EXTRACTED RECORDS –
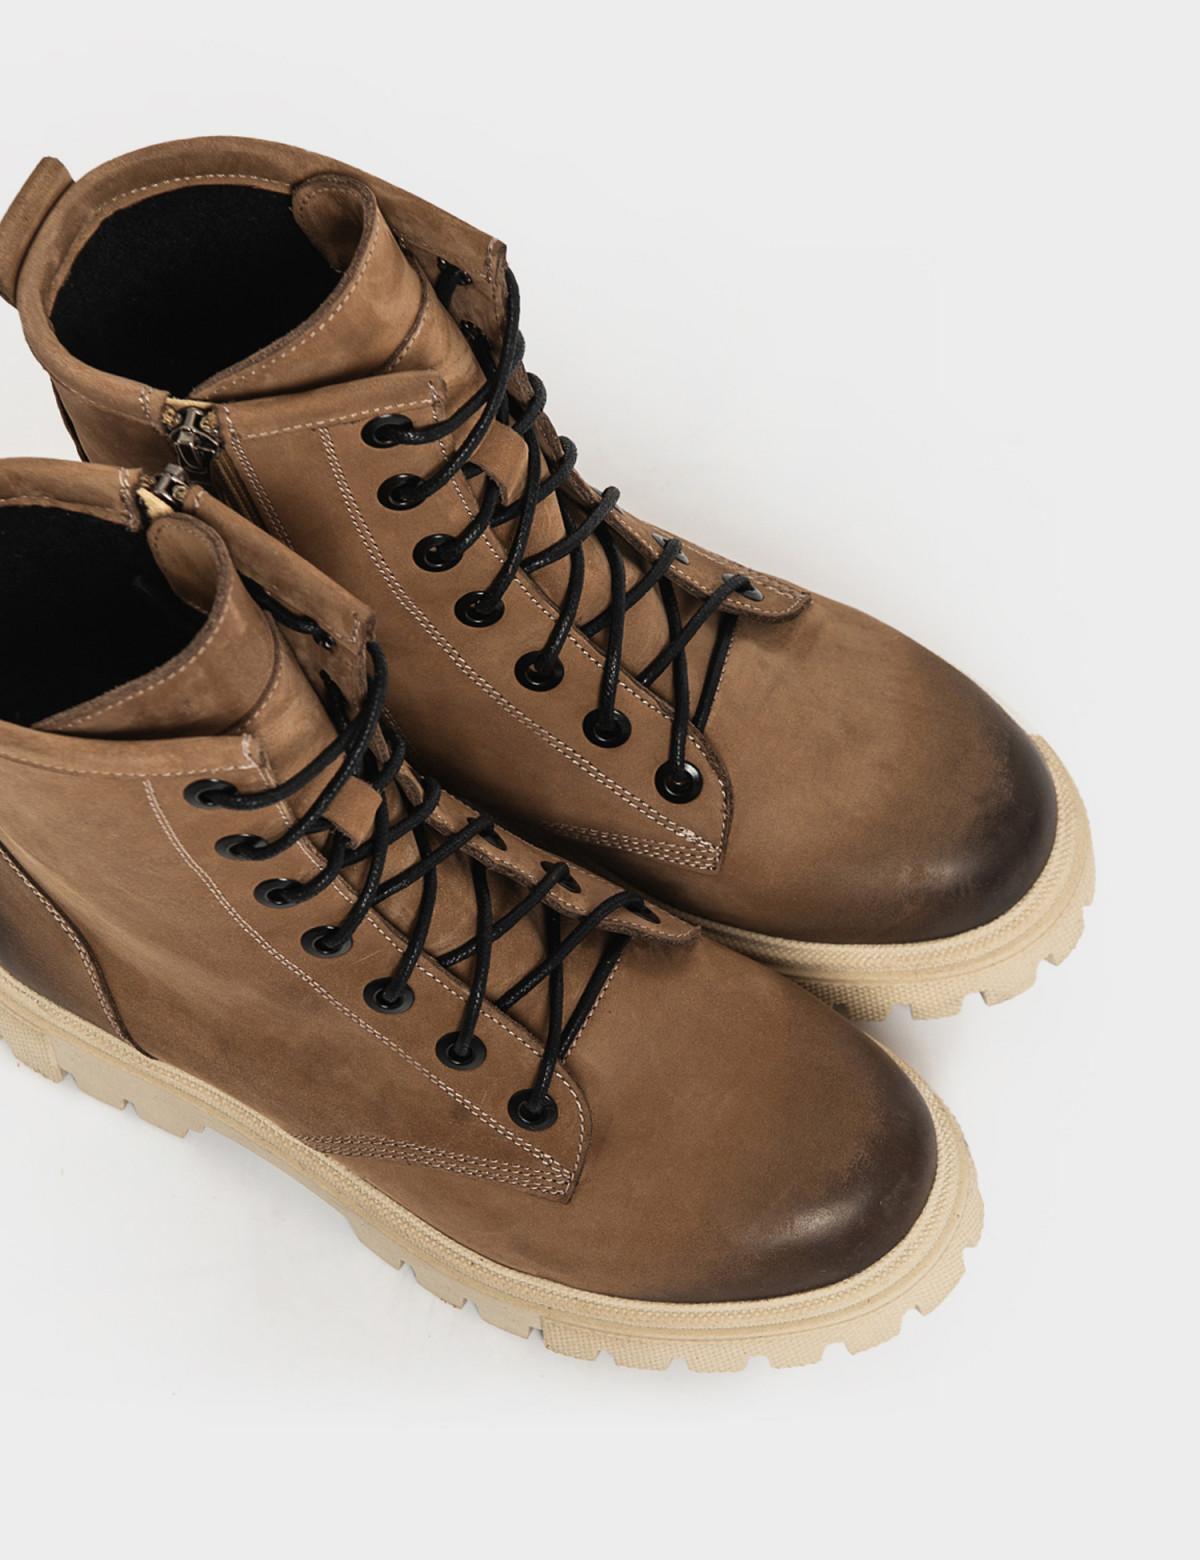 Ботинки бежевые. Натуральный нубук. Байка3
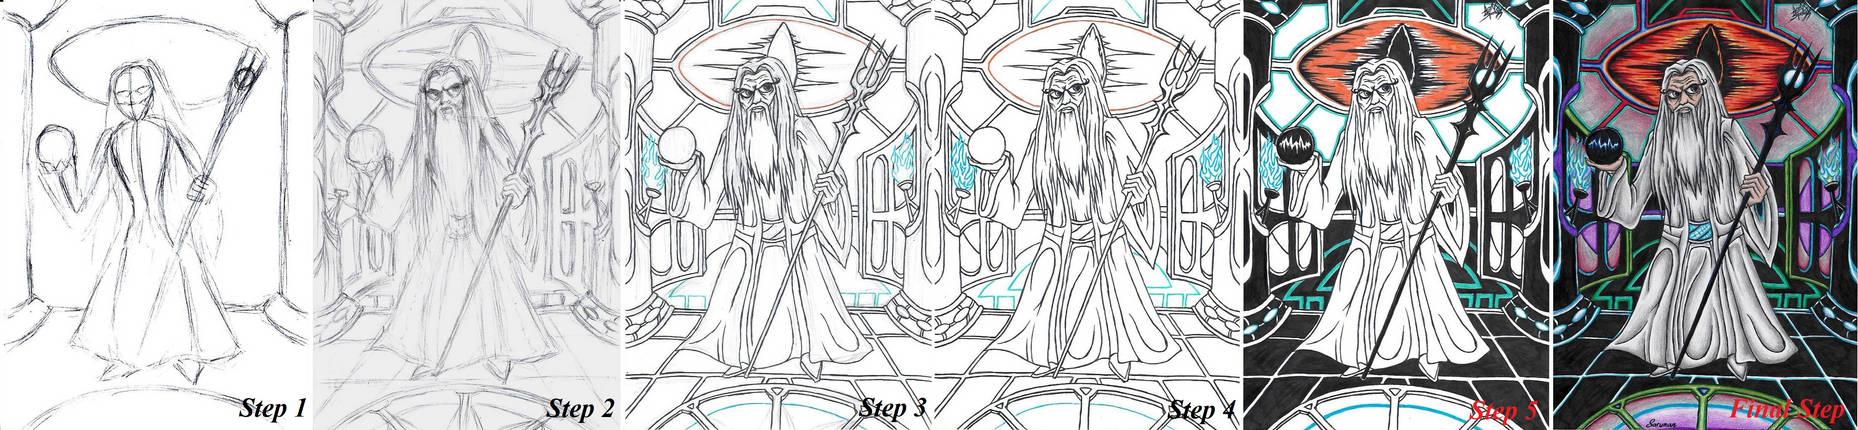 .:Art-Tutorial:. How Do I Draw LoTR Saruman
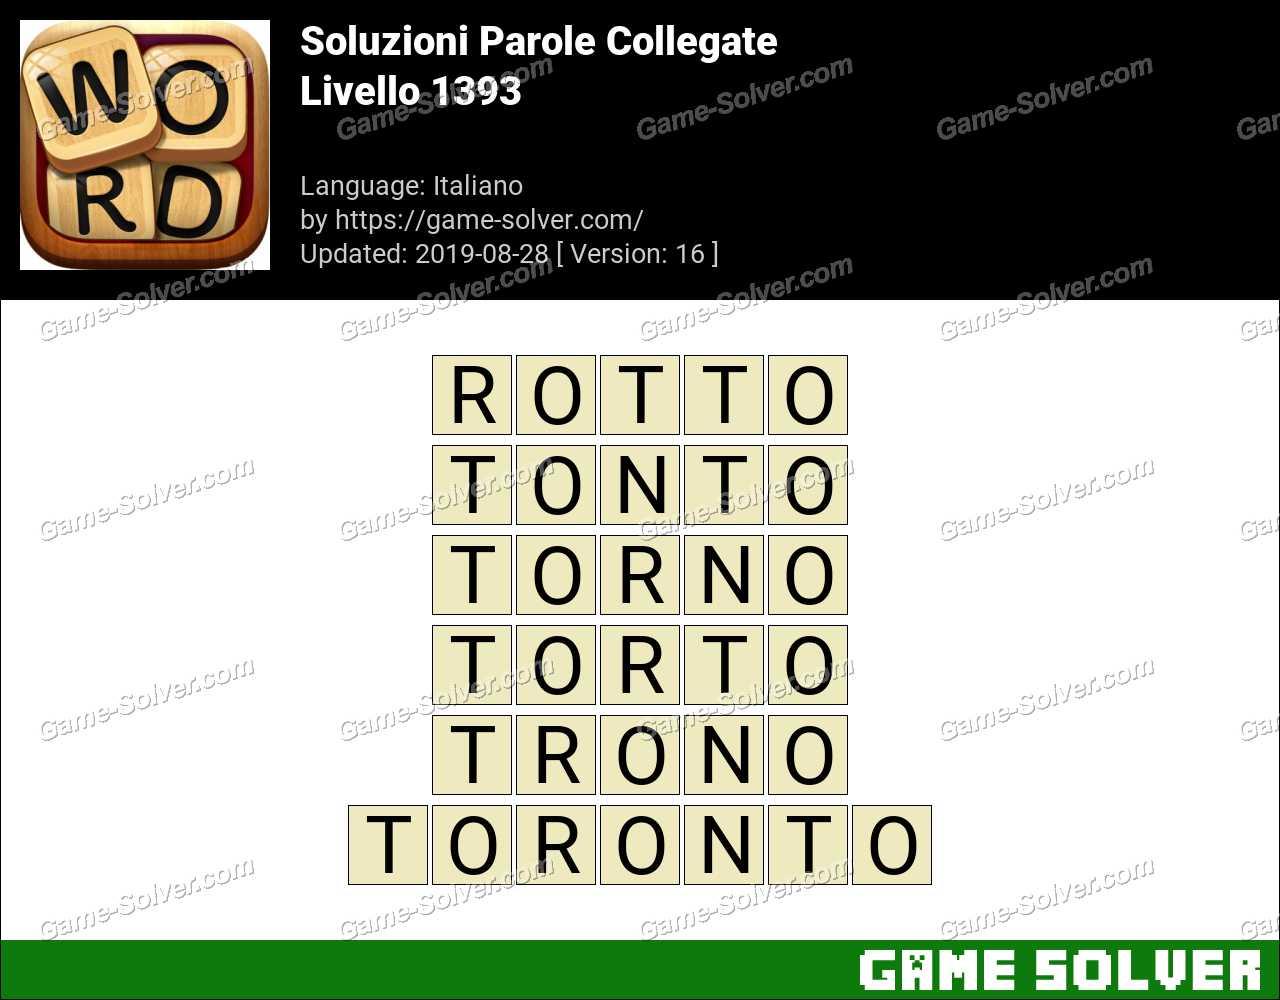 Soluzioni Parole Collegate Livello 1393
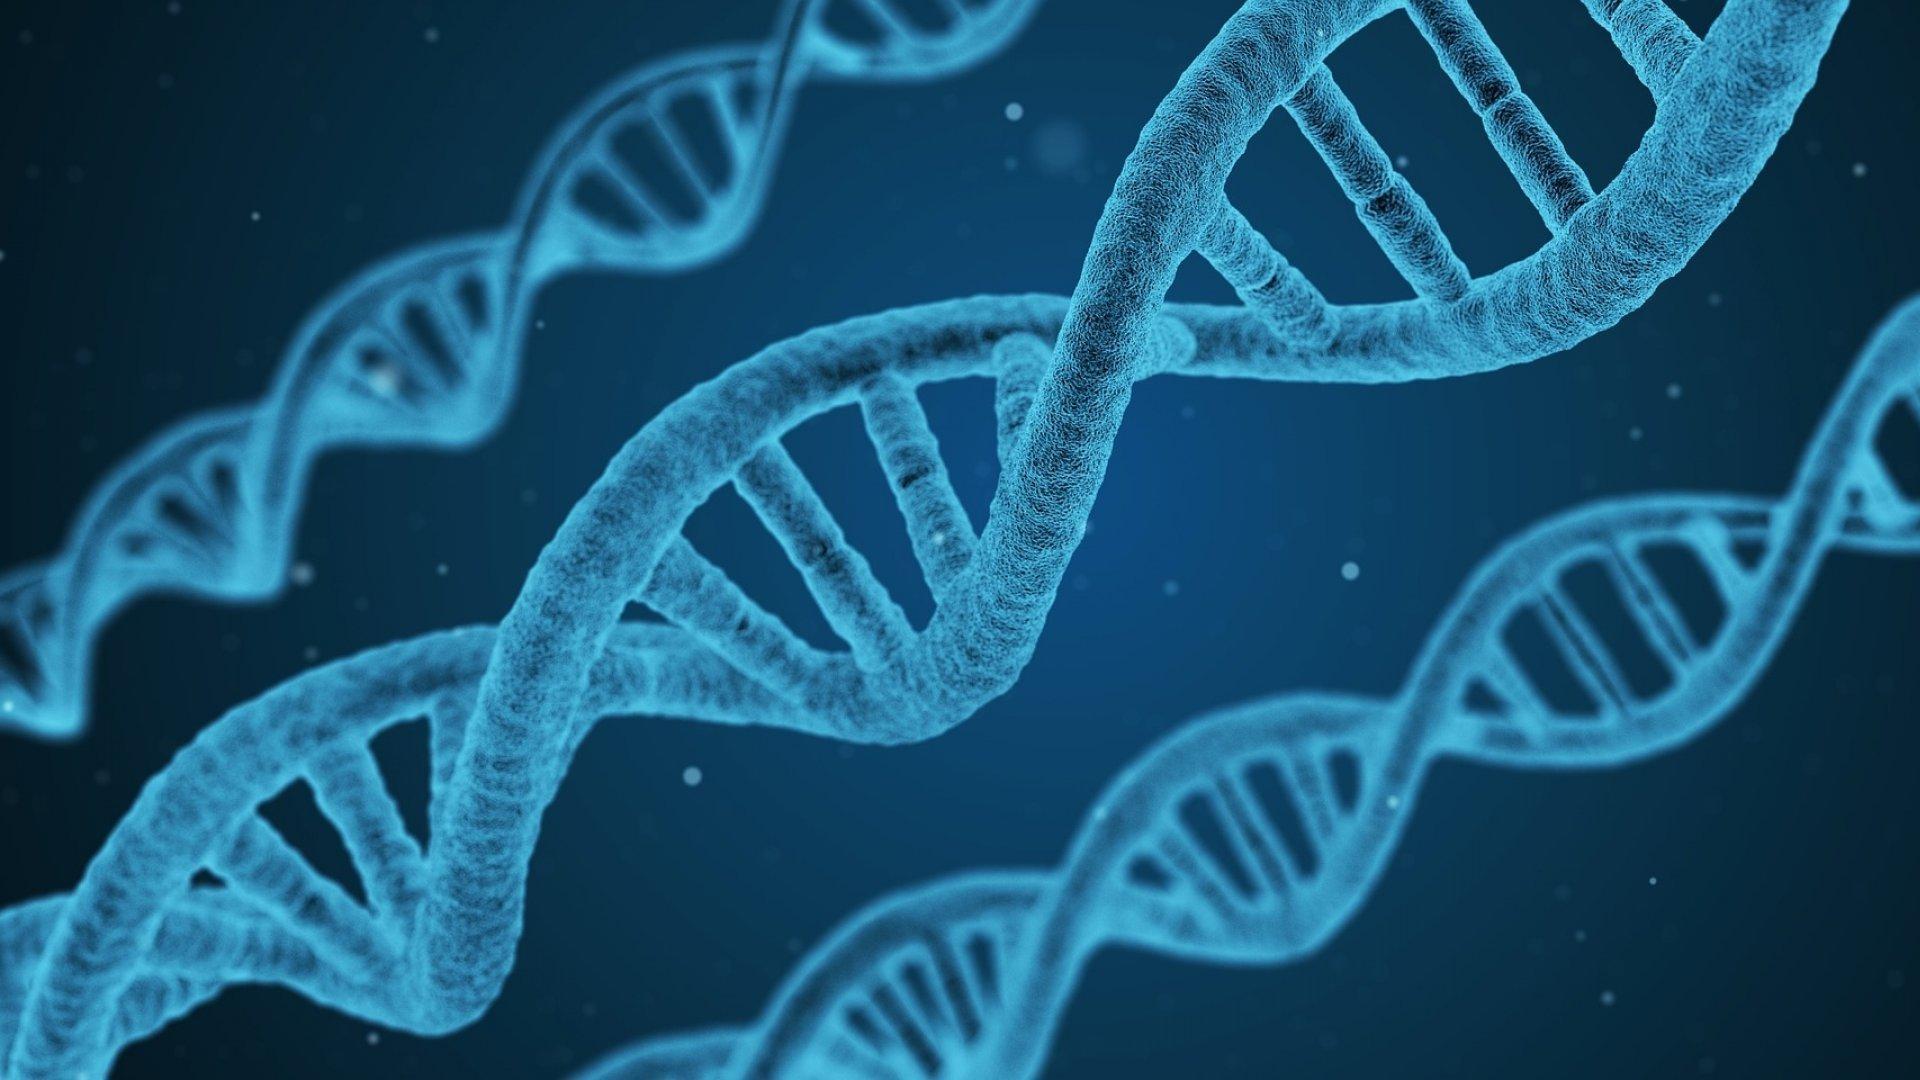 Symbolische Darstellung der Struktur der DNA
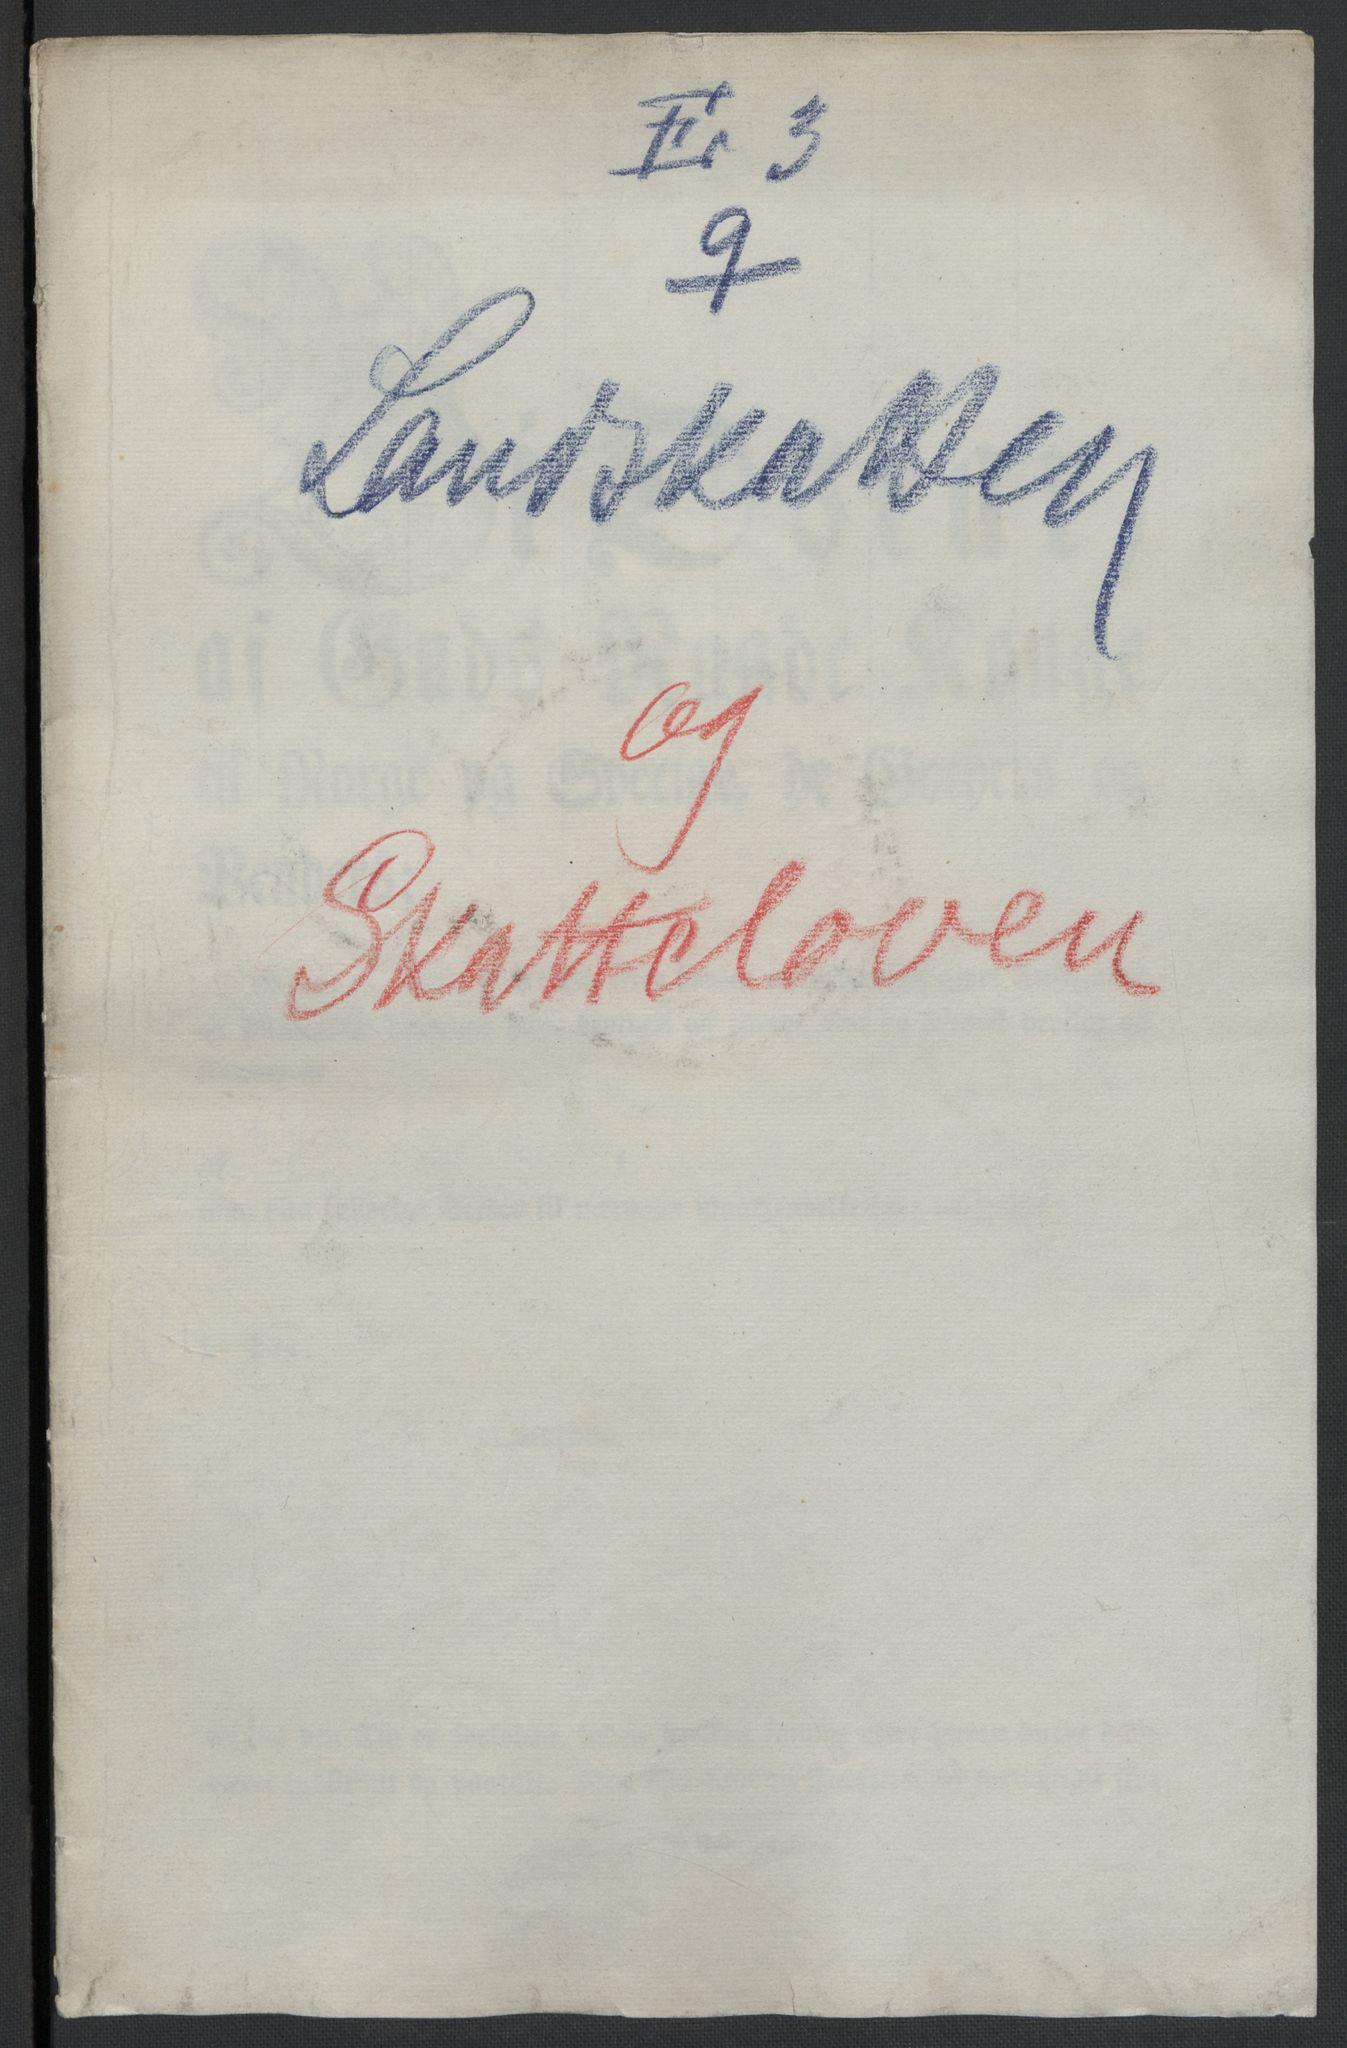 RA, Christie, Wilhelm Frimann Koren, F/L0005, 1815-1816, s. 539

ACTIVITY – Nothing but an exact copy of the data, without pictures, should be returned.

EXERCISE SOLUTION –
 Ботинки бежевые. Натуральный нубук. Байка3
 .:Art-Tutorial:. How Do I Draw LoTR Saruman
 Soluzioni Parole Collegate Livello 1393
 Symbolische Darstellung der Struktur der DNA
 RA, Christie, Wilhelm Frimann Koren, F/L0005, 1815-1816, s. 539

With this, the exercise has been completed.